It has been announced that former Sgt Dakota Meyer, USMC of Austin, Texas and Greensburg, Kentucky will be awarded the Medal of Honor for actions in Ganjgal, Afghanistan in September 2009. Then-Cpl Meyer was part of III MEF Embedded Training Team 2-8 during a movement to a meeting with tribal elders in an area known to be active with Taliban. He was part of a 13-man US detachment of Marines along with soldiers from 10th Mountain Division, as well as some soldiers of the Afghan army.
The US element was ambushed and taken under heavy fire by some 50 Taliban fighters. Four members of the Marine team were immediately cut off and the rest of the convoy lost contact with them. Meyer manned a machine gun in a humvee driven by SSgt Juan Rodriguez-Chavez while they drove into the kill zone three times to cover the withdrawal of US and Afghan forces. During this action, Meyer was wounded in the arm by shrapnel, but despite his wound, Meyer charged back into the kill zone on foot to establish contact with the separated element. Unfortunately, all had been killed. Helicopter support was called for during the battle and to later retrieve the bodies, but was refused due to the intense fire. Meyer then helped carry them from the kill zone under fire.
At the same time, then-1st Lt Ademola Fabayo was also trying to establish contact with the lost element on foot, engaging the enemy at close range with his M-4, and carried one of the wounded for several hundred yards. He later returned in a vehicle with Army CPT Will Swenson in an attempt to fight through.

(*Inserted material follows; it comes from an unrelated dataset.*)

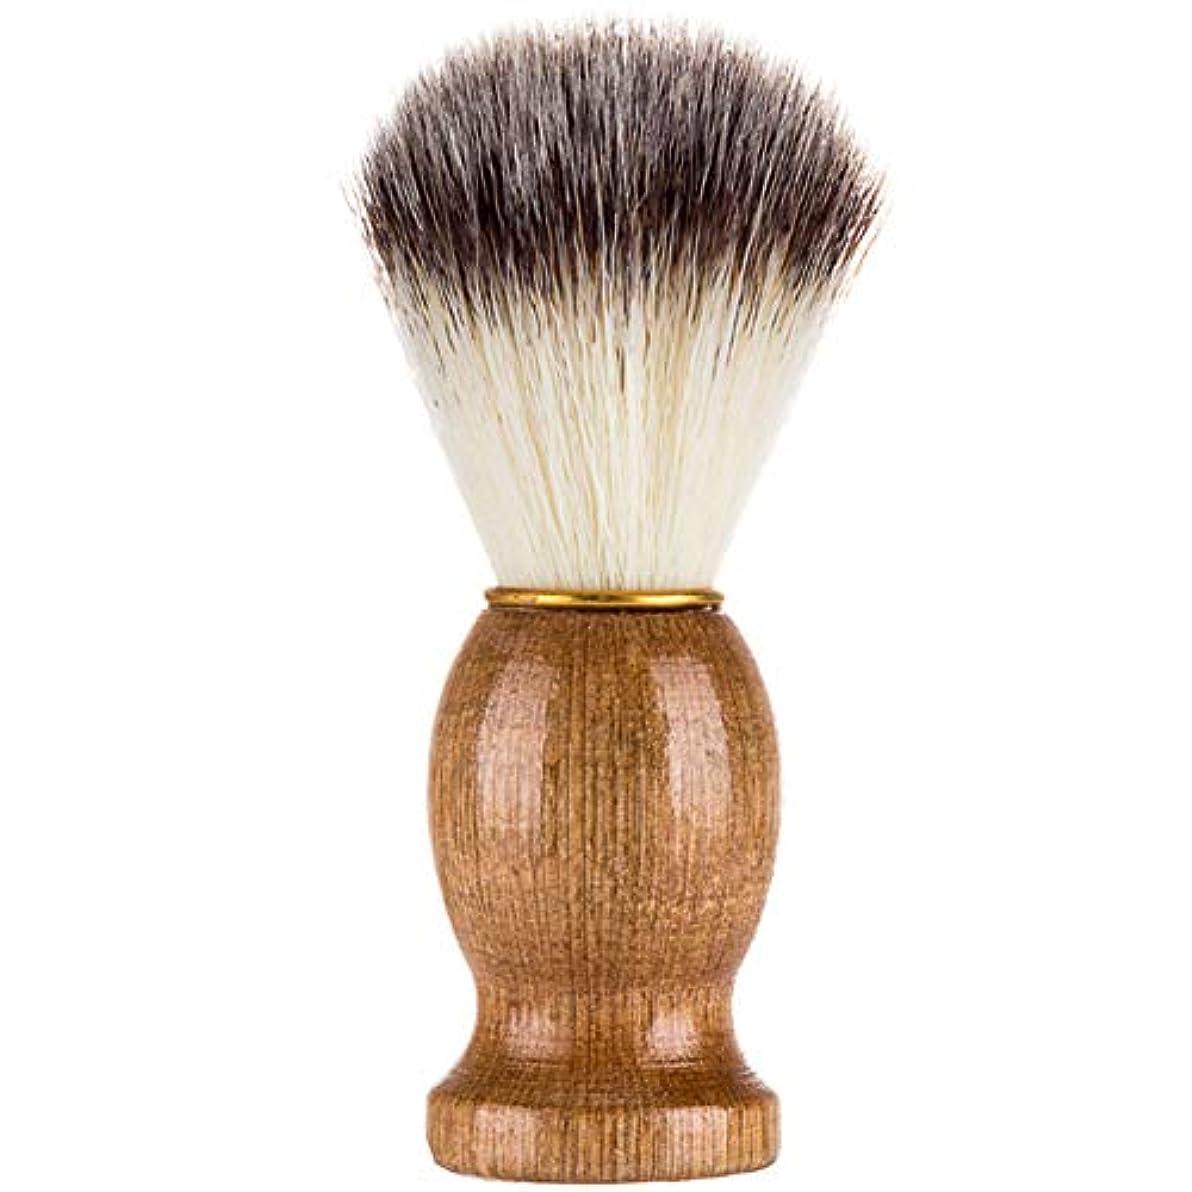 シエスタフリンジ手伝うProfeel シェービングブラシ、シェービングブラシ、男性シェービングブラシシェービングかみそりブラシサロン理髪店用ツールひげ剃り用品
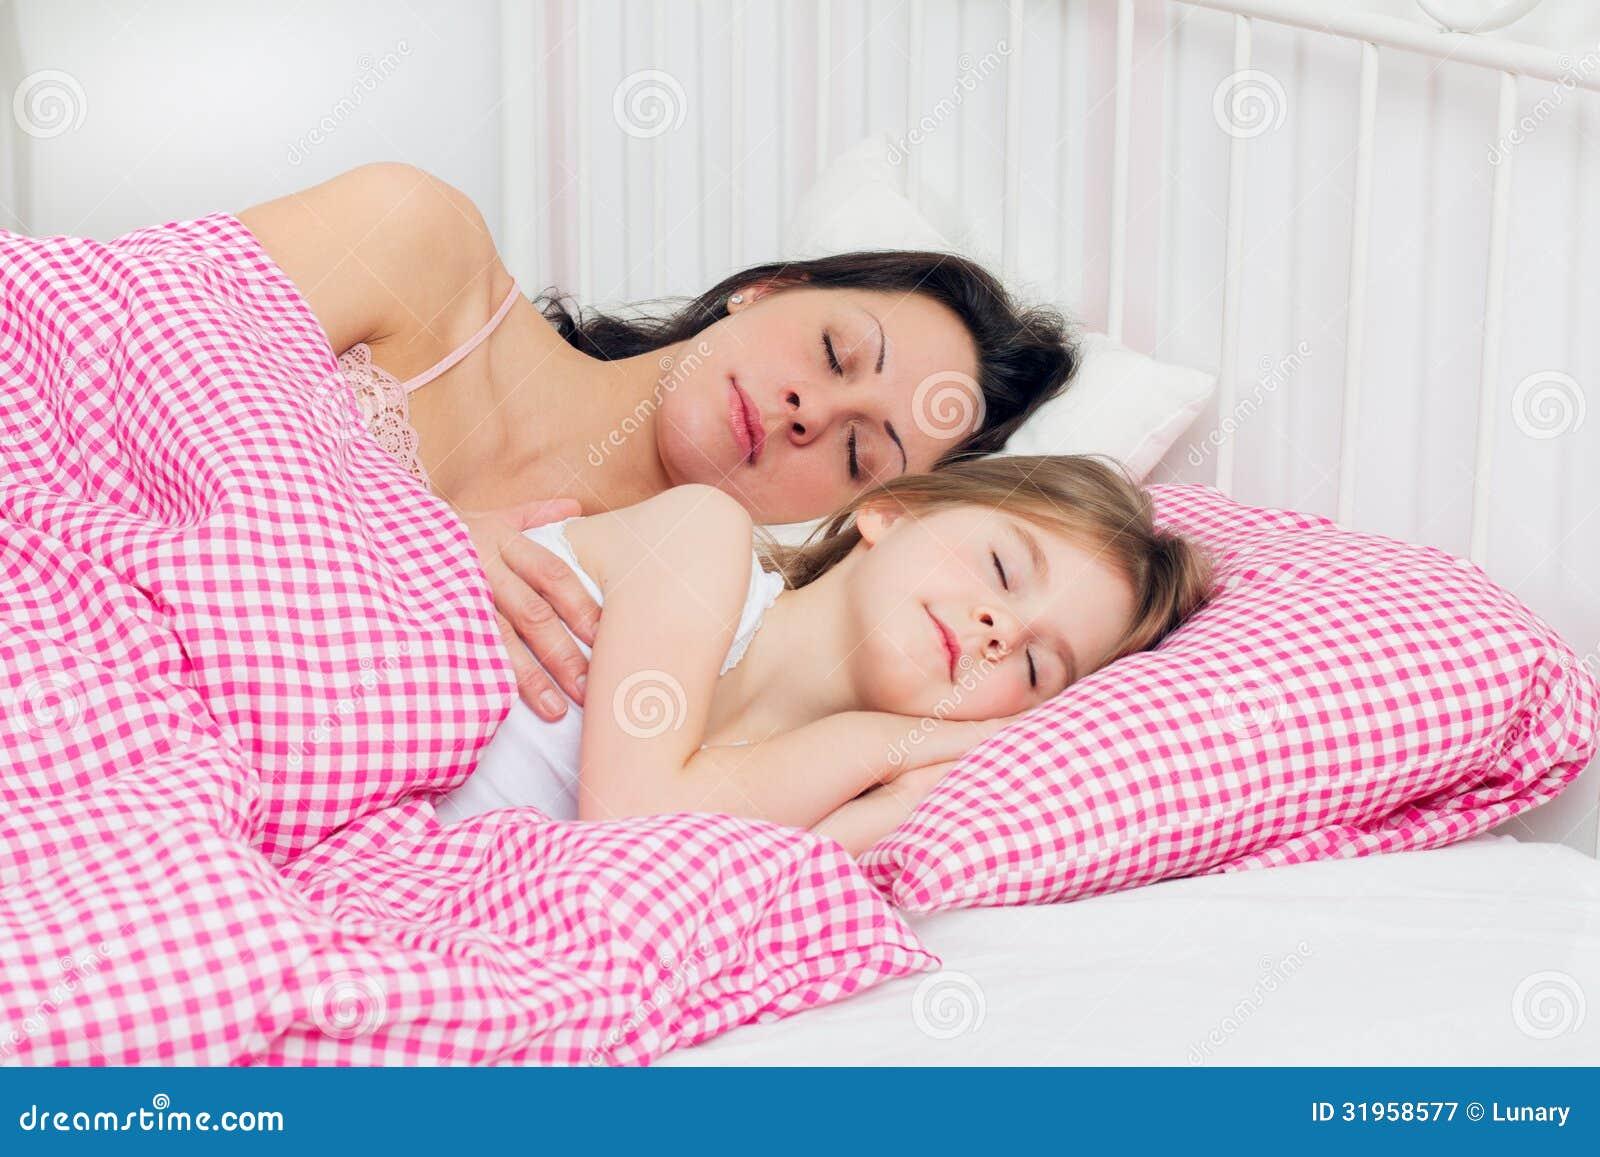 Родители и спящая дочь 1 фотография

Meyer, Fabayo, Rodriguez, and Swenson then entered the kill zone again in vehicles to finish retrieving the bodies, using the vehicles to shield them while still under fire
Both Fabayo and Rodriguez were later awarded the Navy Cross for their actions.
The KIA that Meyer retrieved were: GySgt Edwin Johnson, 1st Lt Michael Johnson, GySgt Aaron Kenefick, and HM3 James Layton. Also killed in the action were an Afghan interpreter and at least eight Afghan soldiers. Army SFC Kenneth Westbrook, rescued by Fabayo and Swenson, later died of complications from wounds sustained in the ambush.
The action became controversial as a result of an investigation into refusals of repeated pleas for artillery support from higher authority at FOB Joyce, along with its failure to report the action further up the chain of command. At least two Army officers received letters of reprimand as a result of the investigation.
Meyer becomes the first living Marine recipient of the Medal of Honor since the Viet Nam War, and one of only three living recipients of the war in Afghanistan, along with Army SPC Salvatore Giunta and SFC Leroy Petry.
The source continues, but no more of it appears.